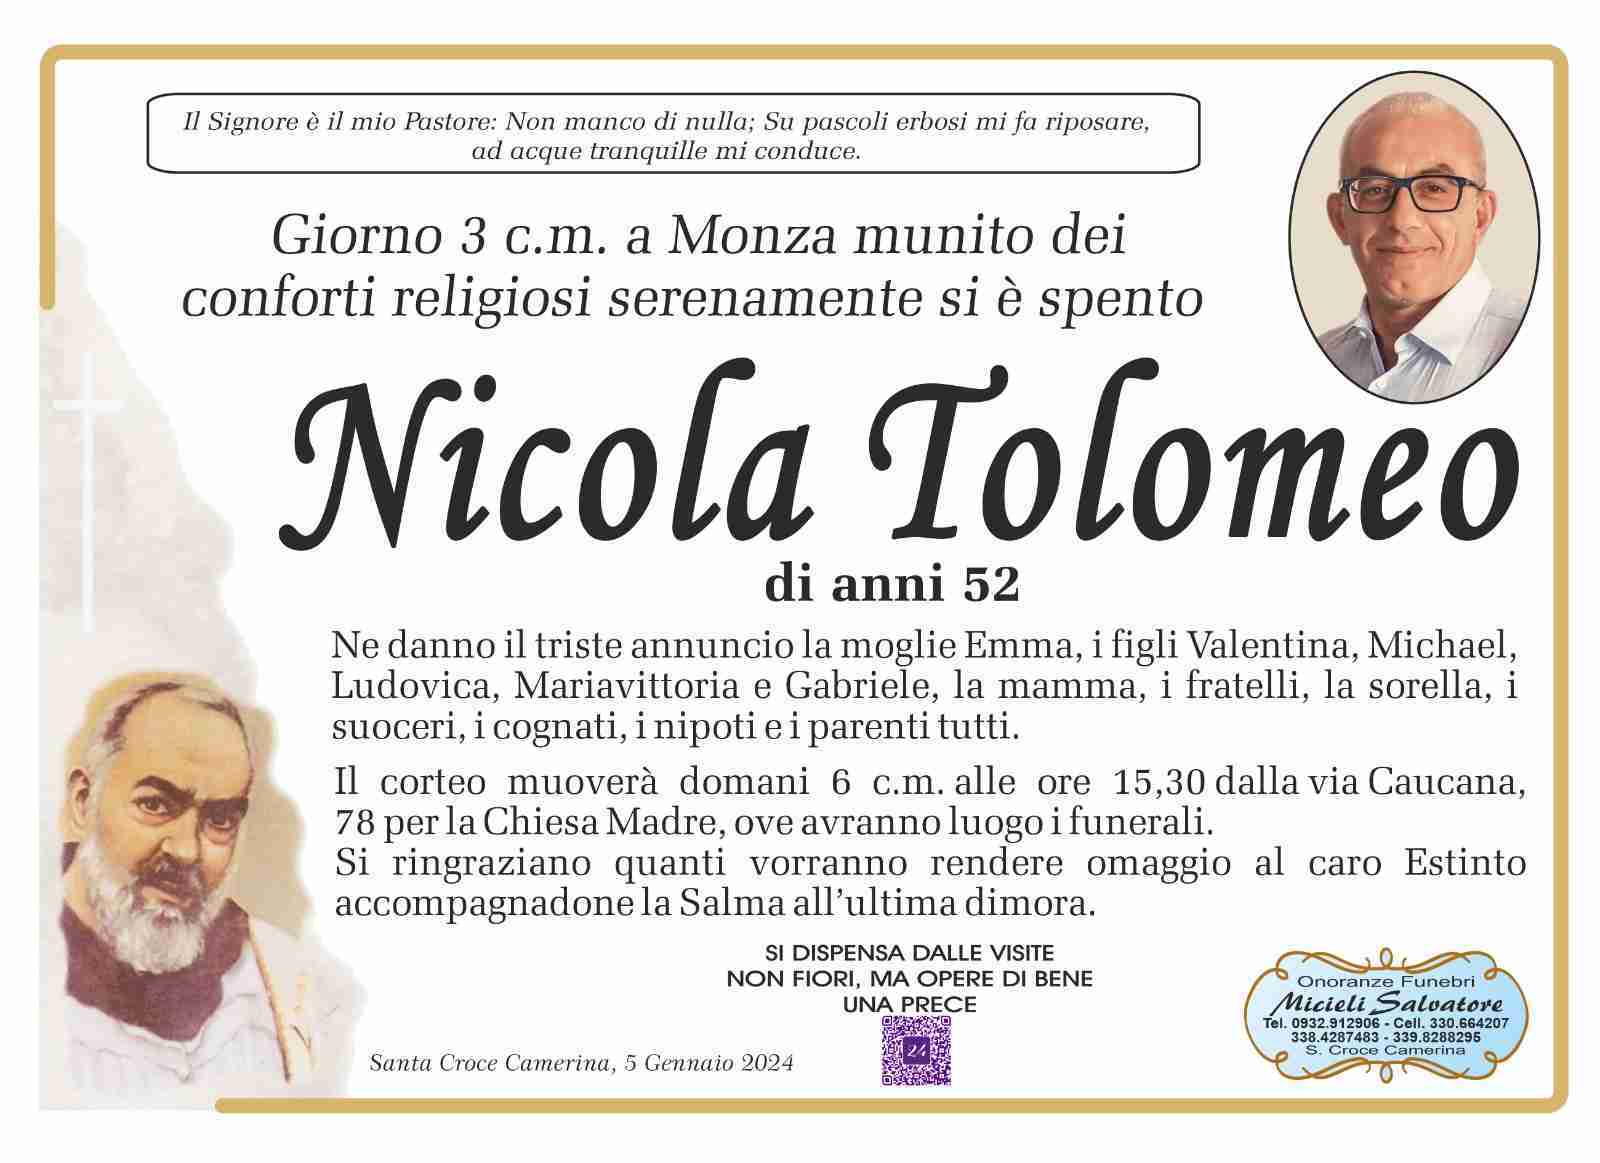 Nicola Tolomeo
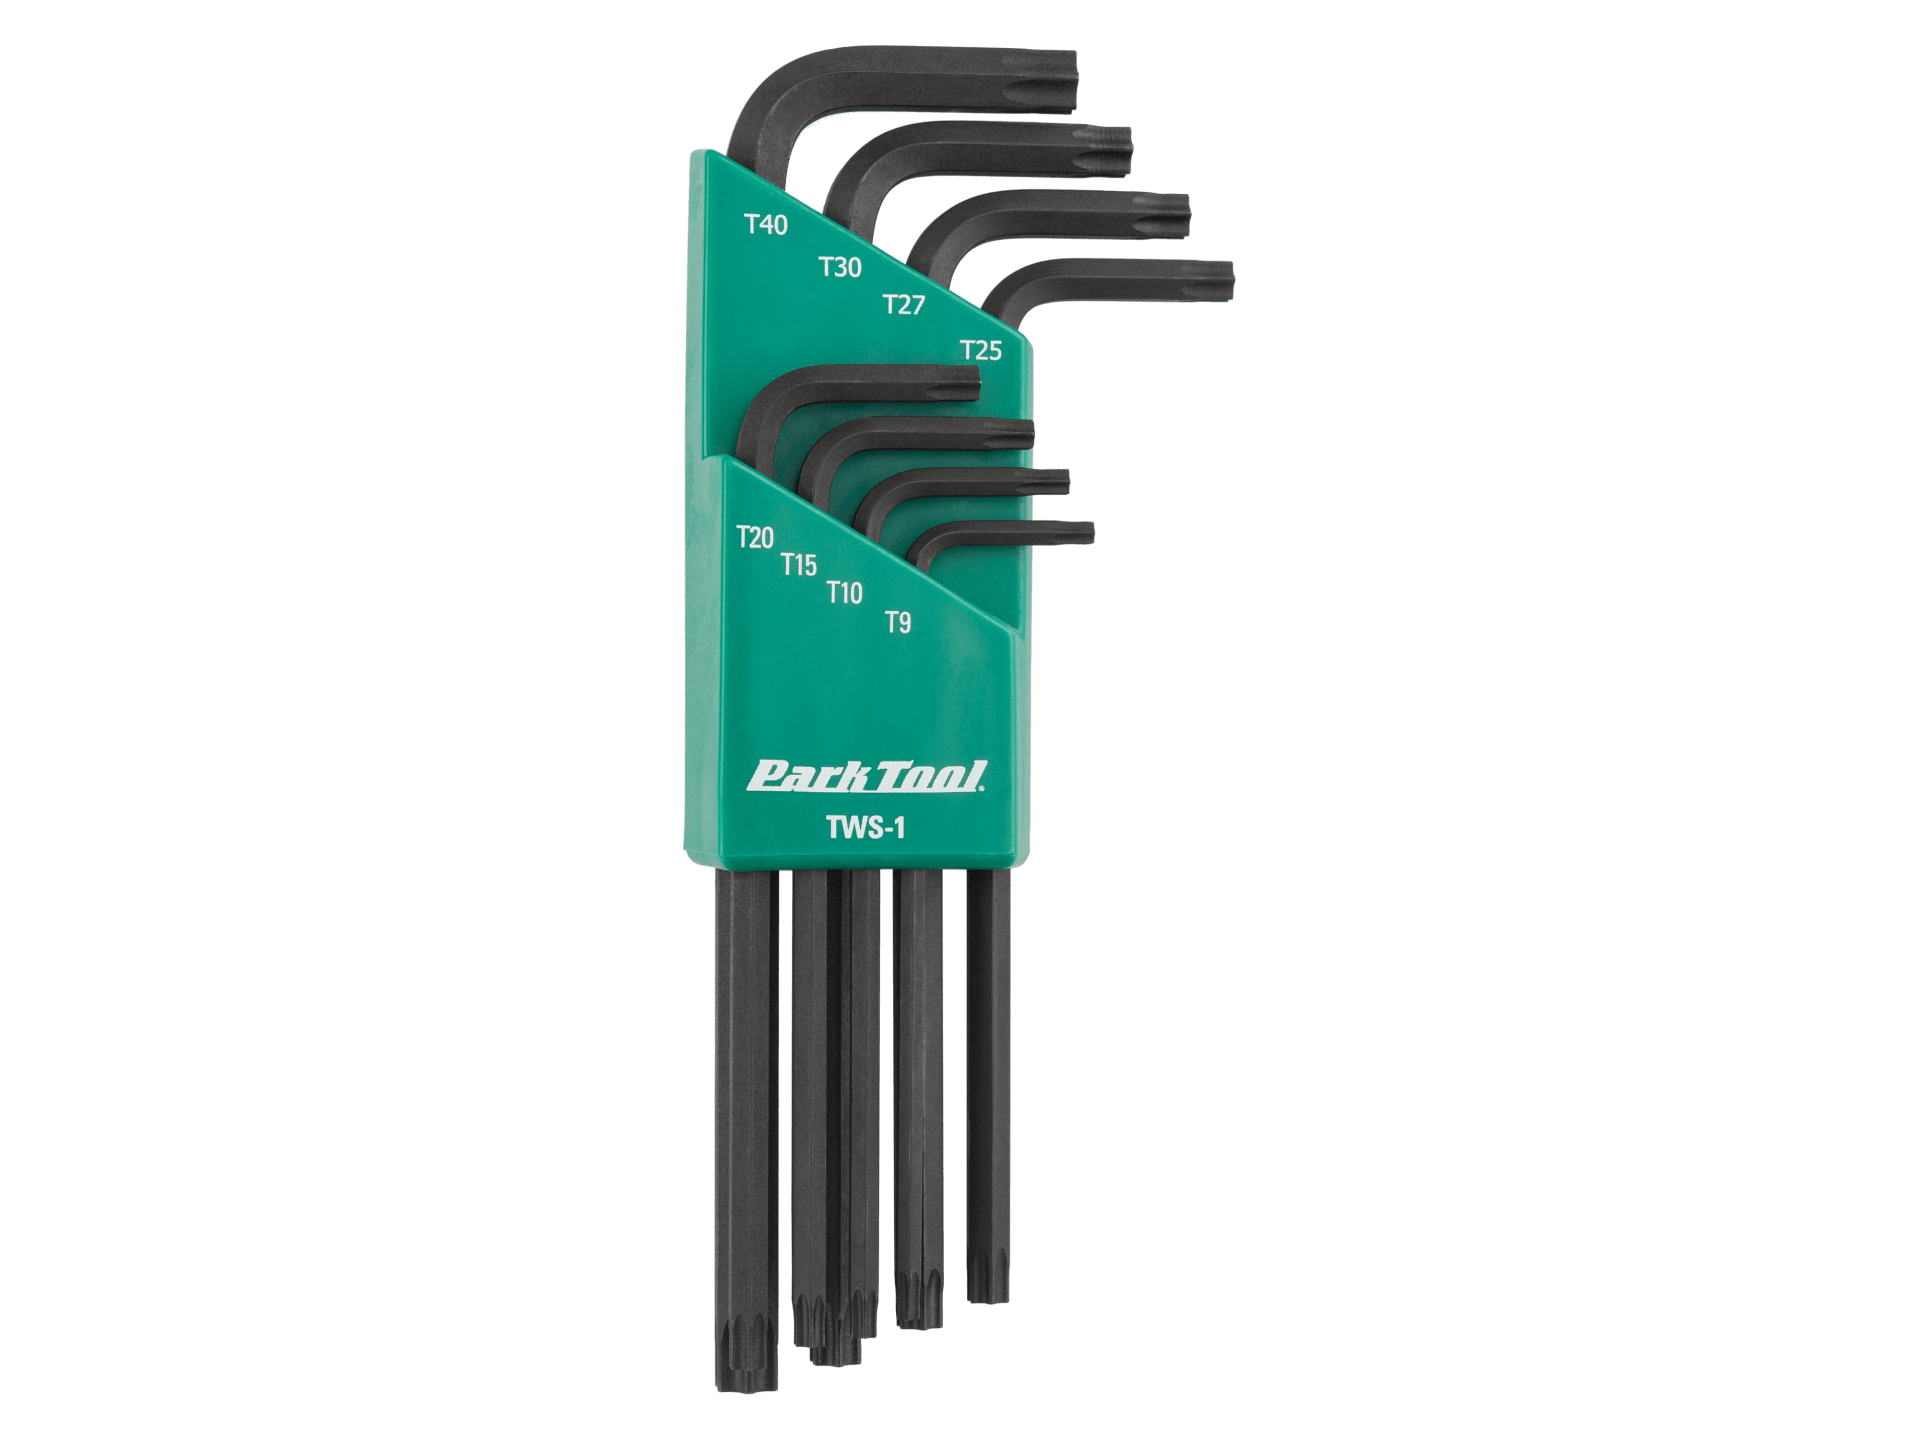 Park Tool TWS-1 Torx Wrench Set
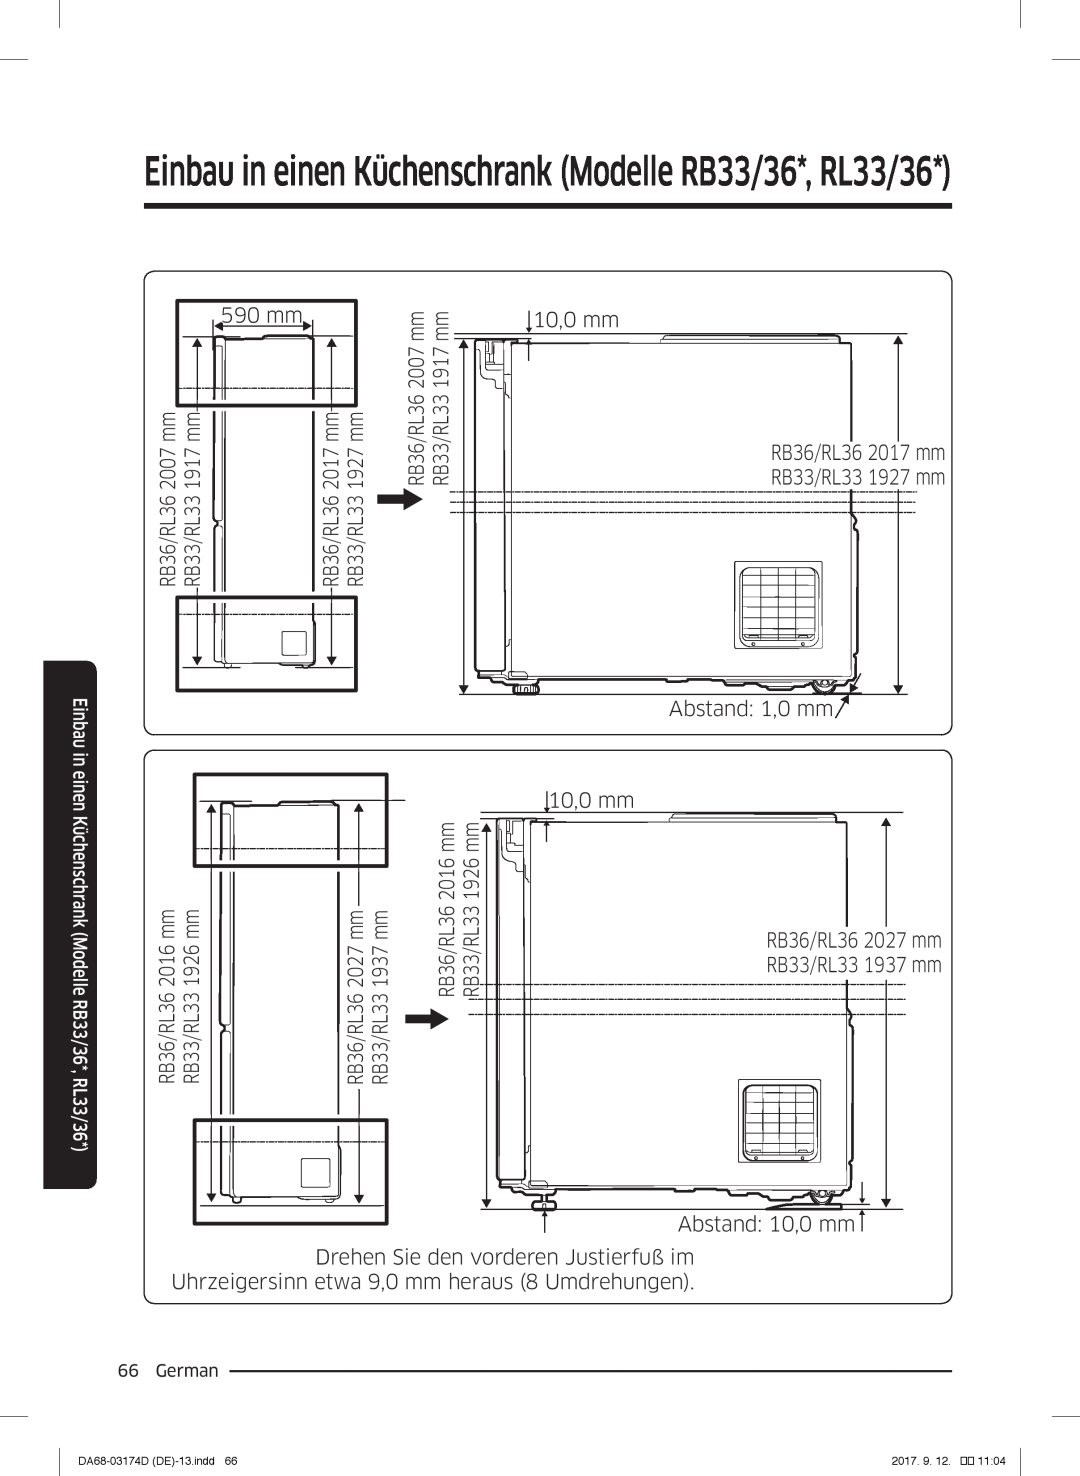 Samsung RL41J7799S4/EG, RL41J7799B1/EG manual Einbau in einen Küchenschrank Modelle RB33/36*, RL33/36, RB33/RL33 1917 mm

> **TASK DIRECTIONS**
Reproduce every line of the material above, but drop the pictures.

> **REPLY**
 Nicola Tolomeo
 Park Tool TWS-1 Torx Wrench Set
 Samsung RL41J7799S4/EG, RL41J7799B1/EG manual Einbau in einen Küchenschrank Modelle RB33/36*, RL33/36, RB33/RL33 1917 mm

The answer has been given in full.